It would help to see the text of the interview, or at least a clear statement of the claim. Your phrasing "He claims that would have caused hundreds thousands of deaths (not clear, US or worldwide)." is ambiguous as to what "it" refers to, and you phrased it as a counterfactual (something that didn't happen), but if "it" refers to "The government taking ten years to institute laws requiring seat belts", that (presumably) is something that definitely happened.
Taking the claim to be "The government taking ten years to institute laws requiring seat belts caused hundreds of thousands of deaths", and taking "hundreds" to mean "at least 200", that is almost certainly false for the US, but plausible for worldwide.
Seat belts are the single most effective safety technology in the history of the automobile. A NHTSA study of lives saved by vehicle technologies found that, between 1960 and 2012, seat belts saved more lives—329,715, to be exact
https://www.nhtsa.gov/seat-belts/seat-belts-save-lives
If that rate is constant, that's ~66k/decade, which is off by a factor of three. Add in the fact that they are probably biased to overestimating the number of lives saved, and the fact that not all of those are due to laws (many people would have used seat belts if there weren't a law), and it's likely lower. Theoretically, there could have been a much higher number for the sixties, but it's highly unlikely.
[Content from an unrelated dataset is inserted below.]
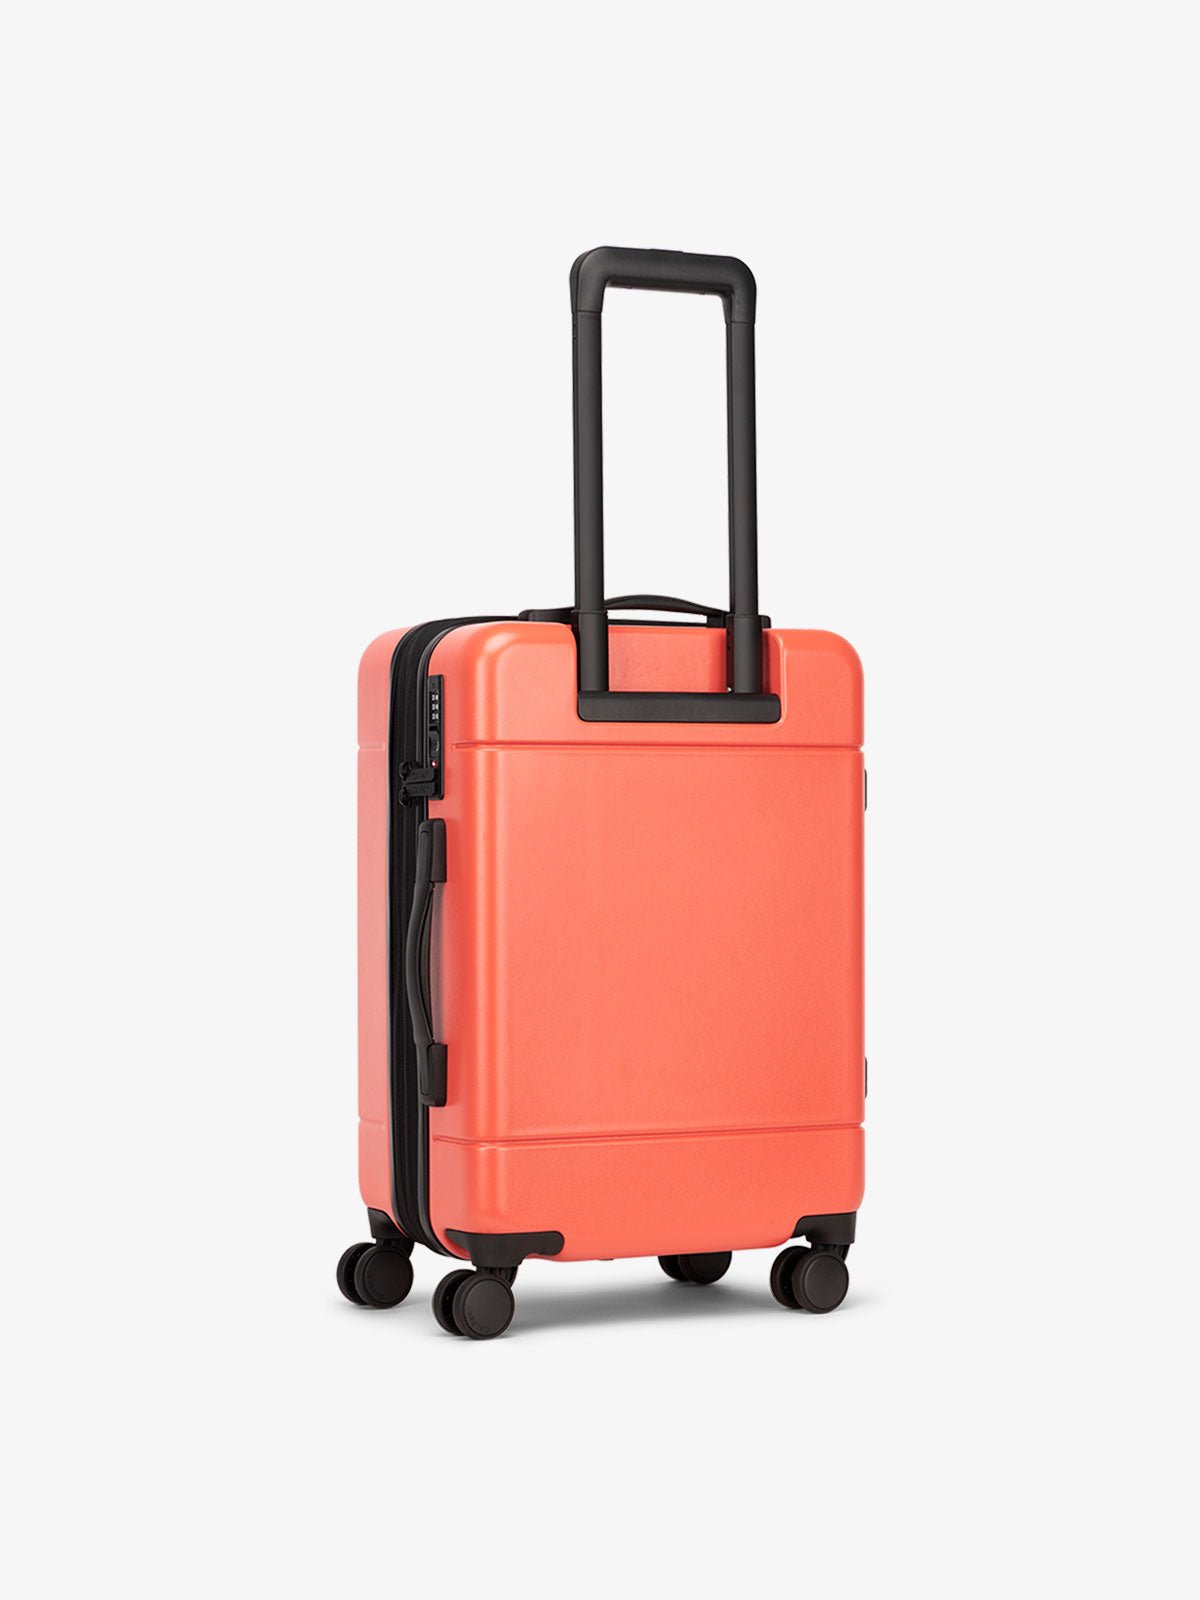 Hue rolling carry-on polycarbonate suitcase

Looking at this graph, there has been a general trend since 1967 for car deaths to go down. From 1967 to 1977, deaths went from 52,924 to 49,510, but the cumulative decrease is once again ~30k. Theoretically, it could be that the death toll would have risen without seat belts, and thus this underestimates how much the death toll would have decreased in the decade before 1968, but it's more likely that it overestimates the amount (there are likely other factors that cause the decrease).
Both of these are only rough indicators, but as they would have to be off by a factor of three to six for the claim to be true, this is strong evidence against it.
Worldwide, on the other hand, the US was about 1/17 of the world population in 1967. So the claim isn't outside the realm of possibility, although I don't know what how traffic deaths compared to the US, or when other countries implemented seat belt laws.
PS At least for the US, I'm pretty sure that "security" is not standard as part of the term for seat belts.